REQUIRED ACTION:
Skipping any pictures, repeat exactly and only the lines from the one that holds "You can adjust" to the last line of the material, both included.

DATA SEGMENT:
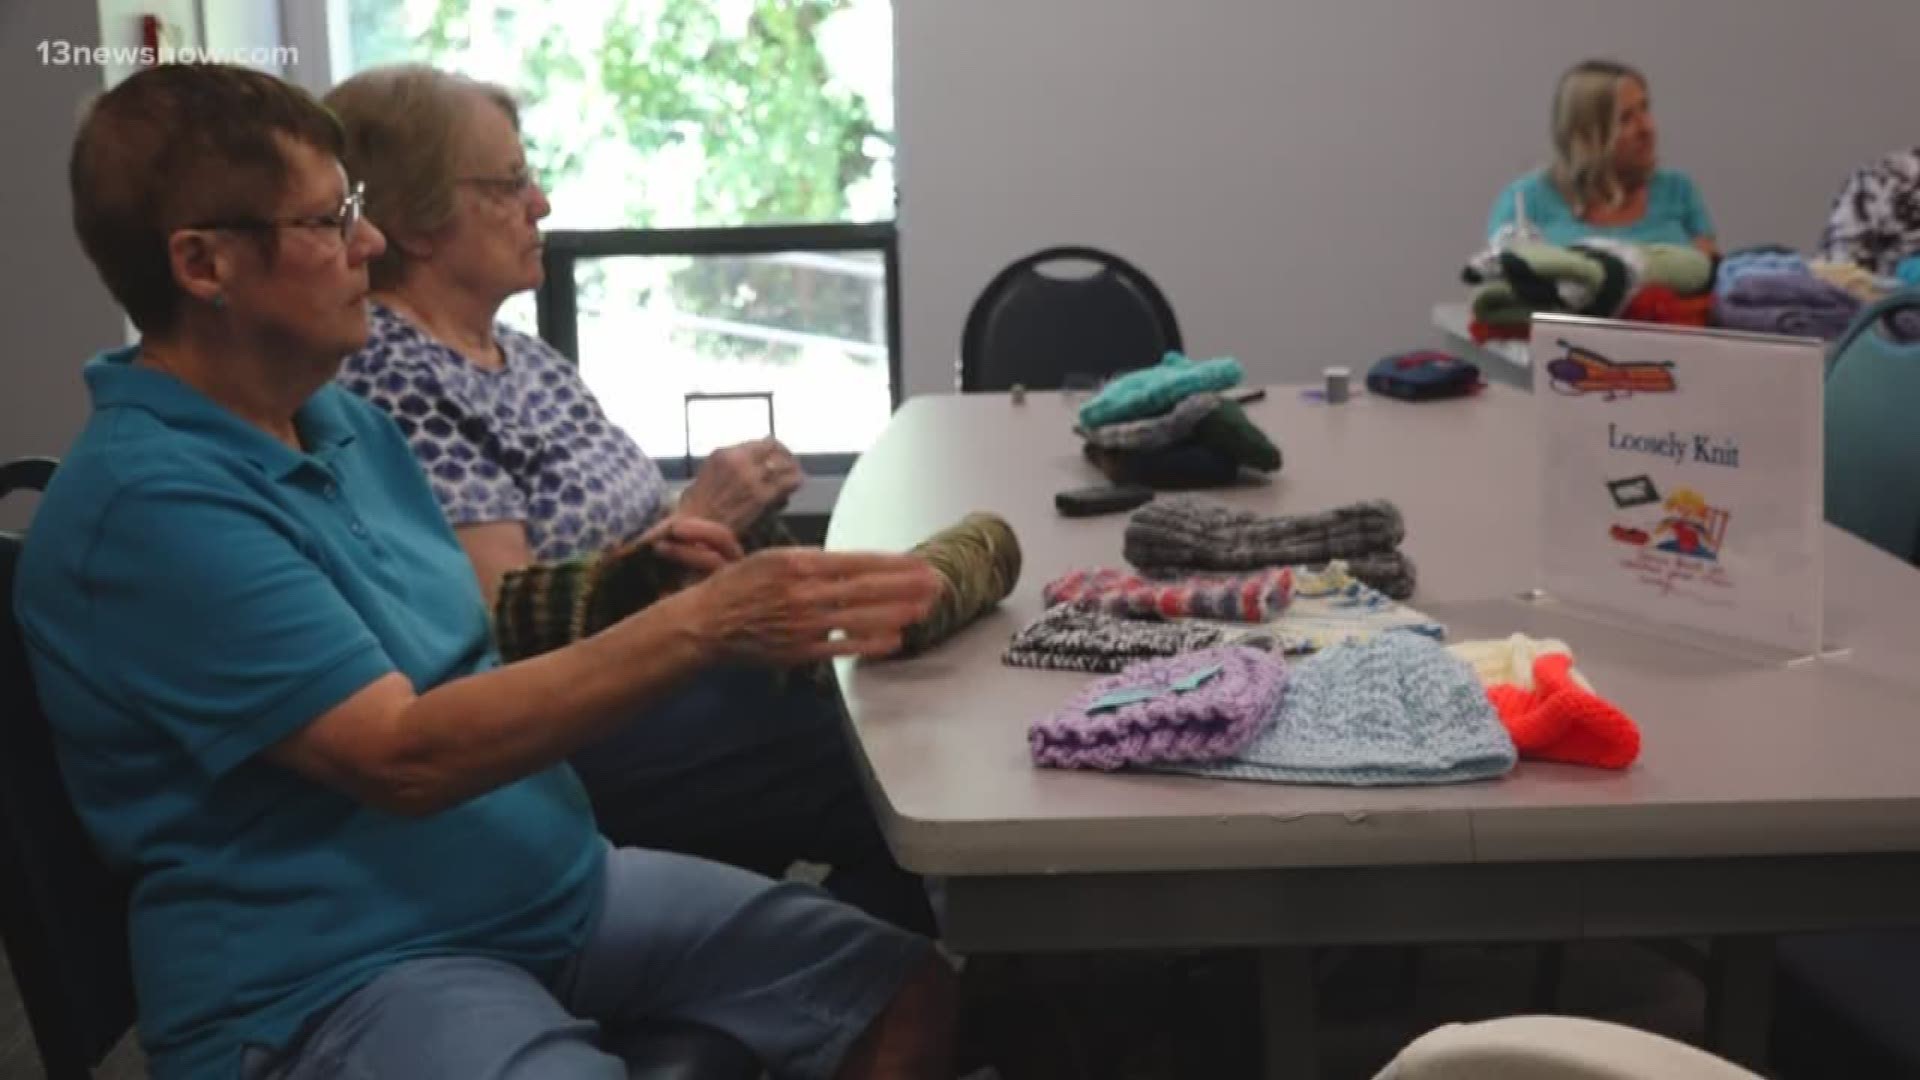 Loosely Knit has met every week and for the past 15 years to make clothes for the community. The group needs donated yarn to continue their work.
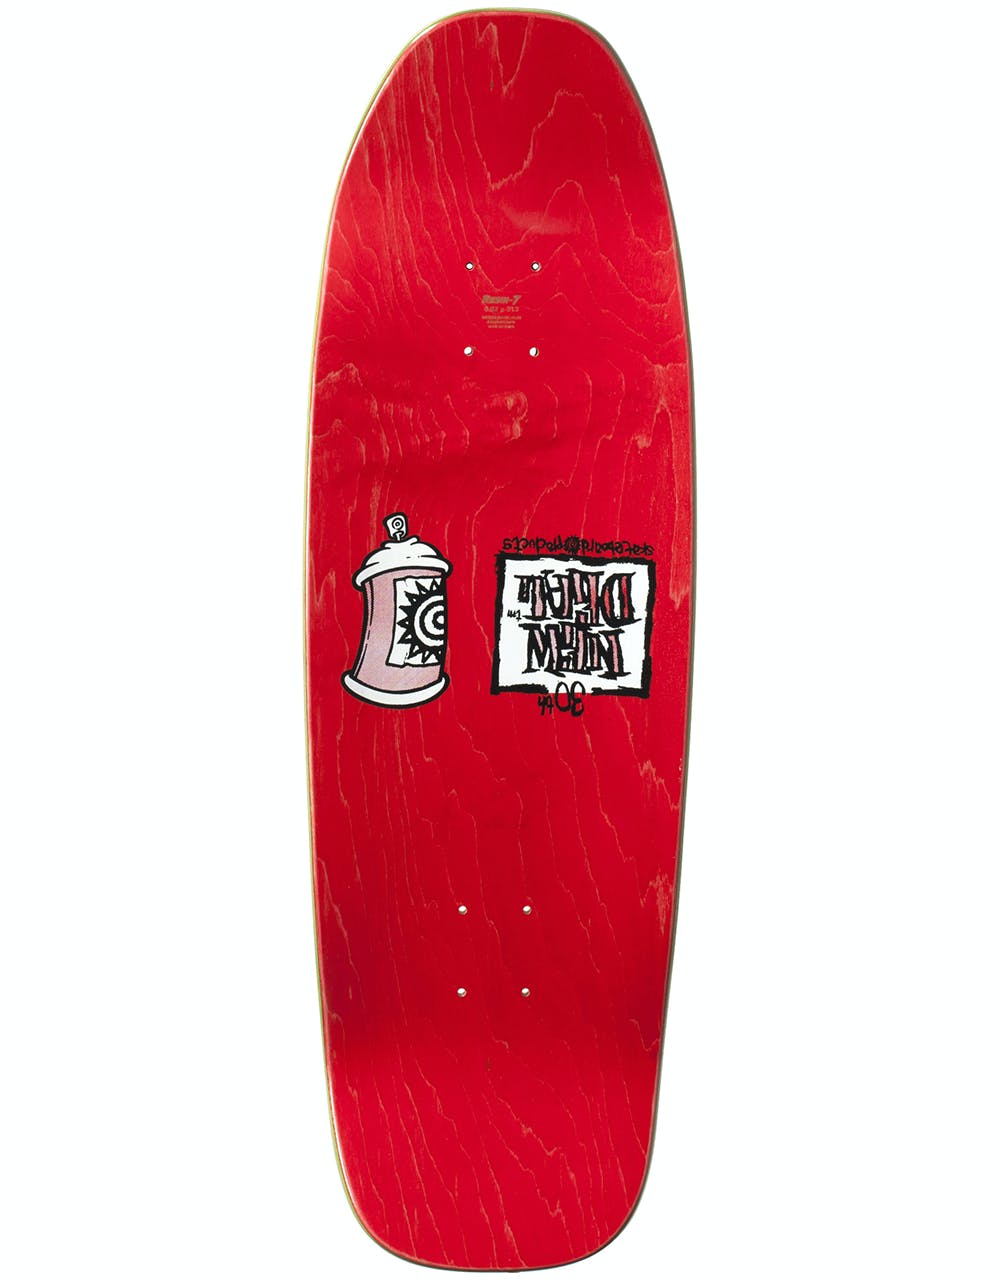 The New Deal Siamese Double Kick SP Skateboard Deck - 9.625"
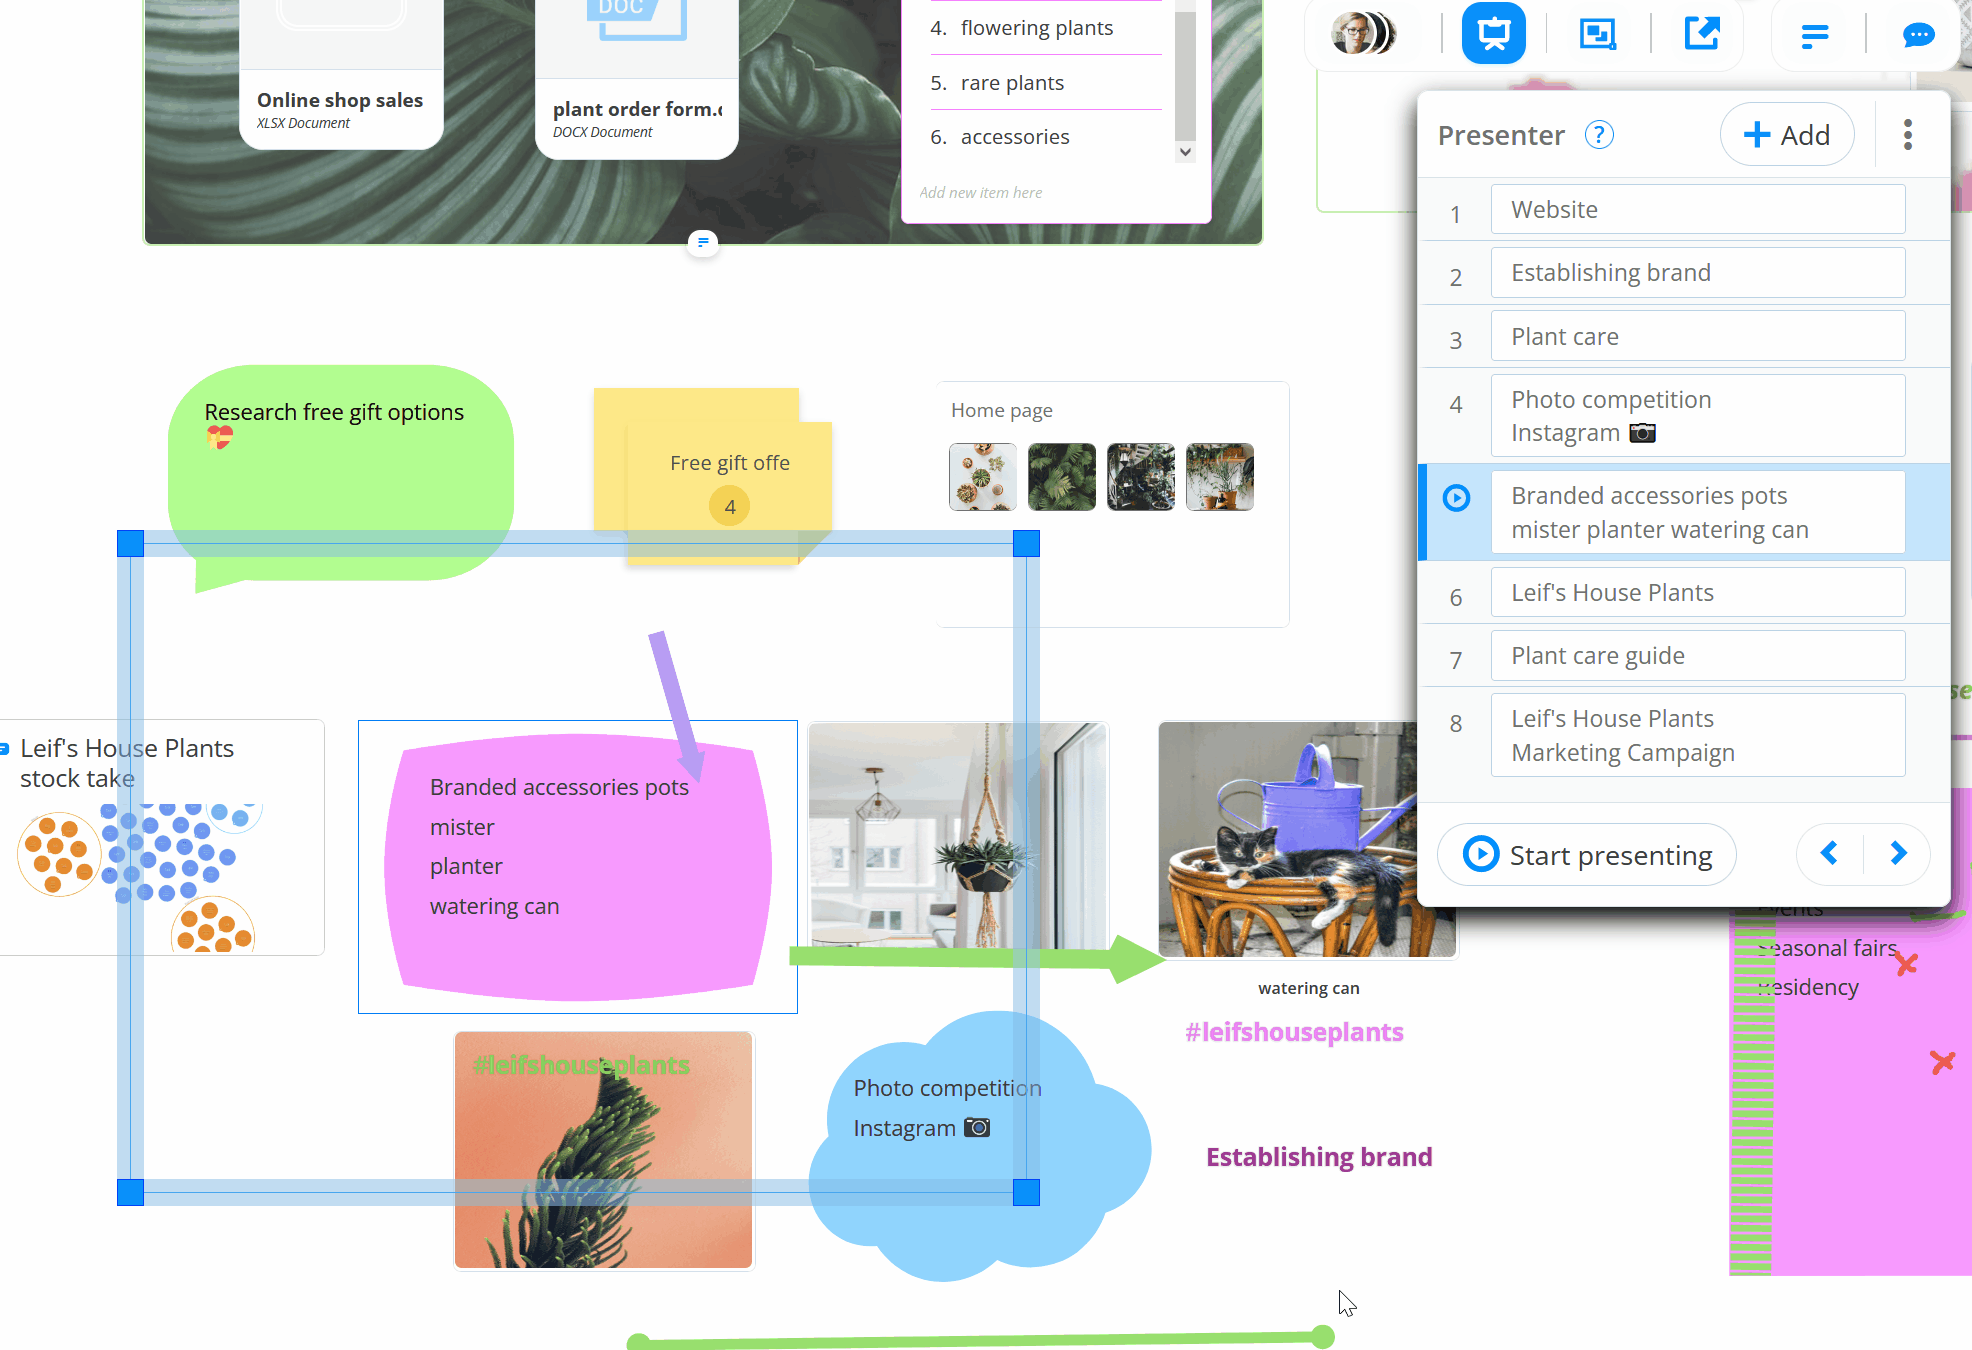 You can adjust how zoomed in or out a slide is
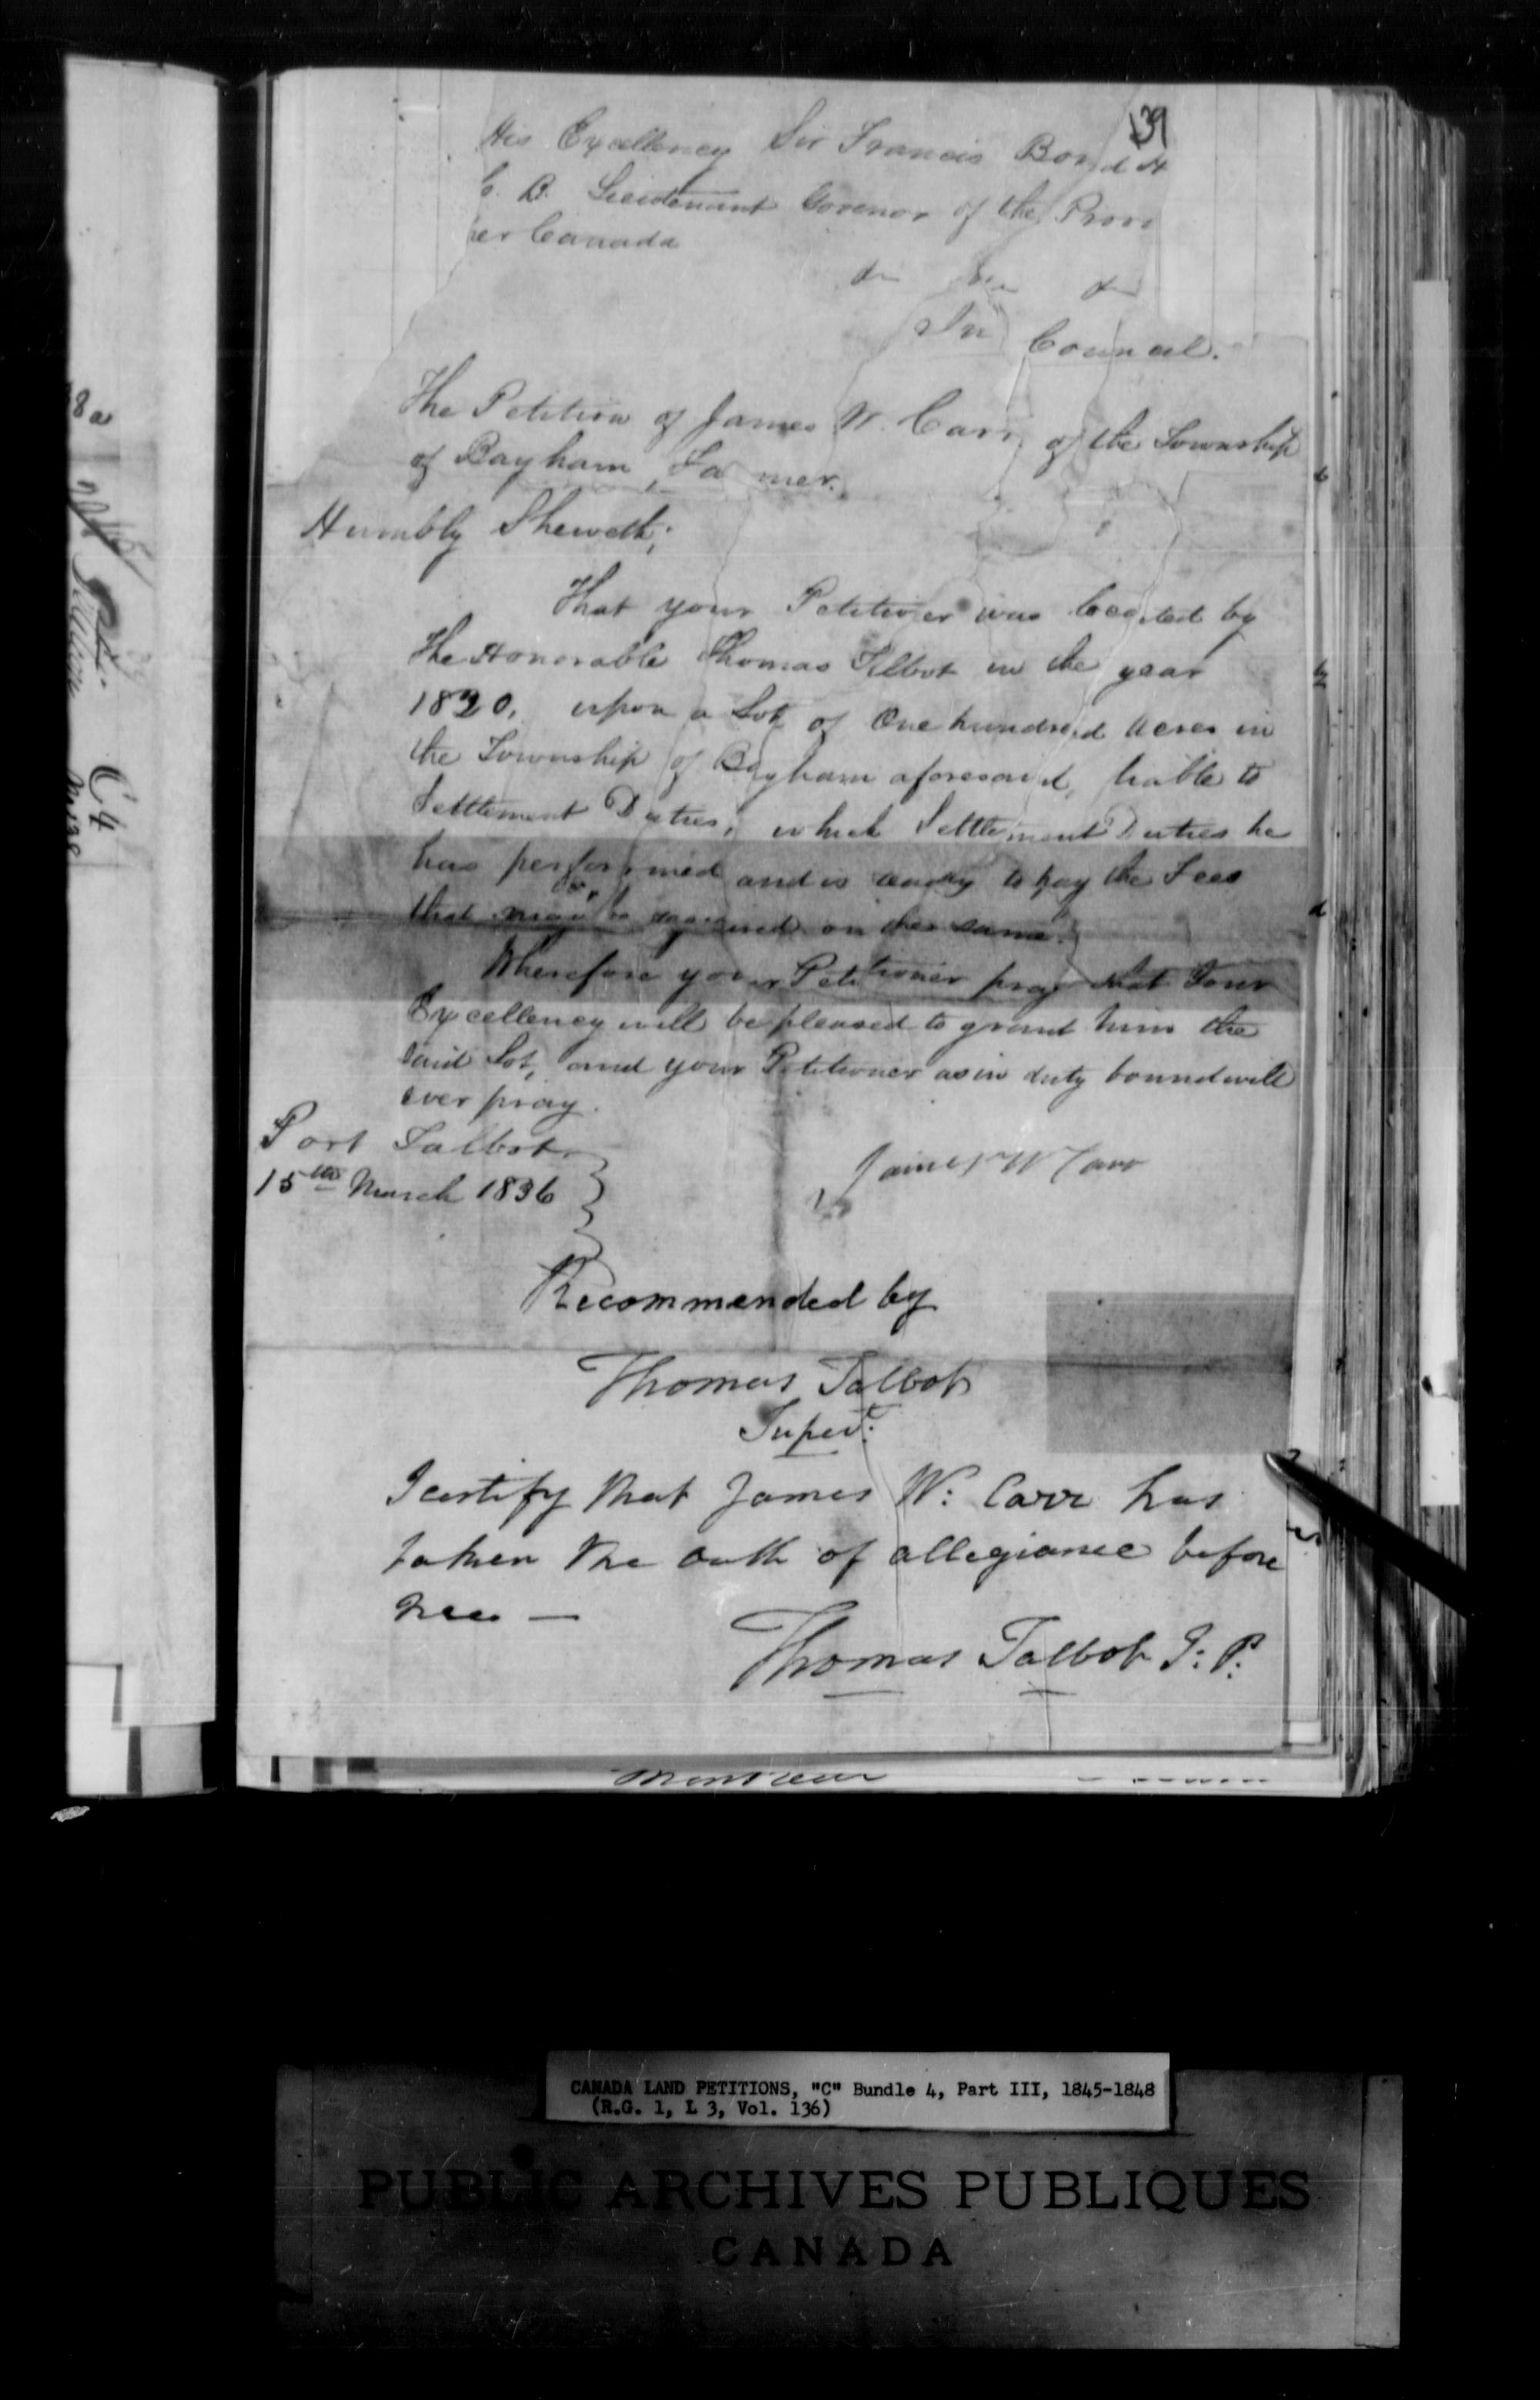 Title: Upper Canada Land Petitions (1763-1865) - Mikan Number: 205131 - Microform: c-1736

FINISHED EXERCISE:
 You can adjust how zoomed in or out a slide is
 Title: Upper Canada Land Petitions (1763-1865) - Mikan Number: 205131 - Microform: c-1736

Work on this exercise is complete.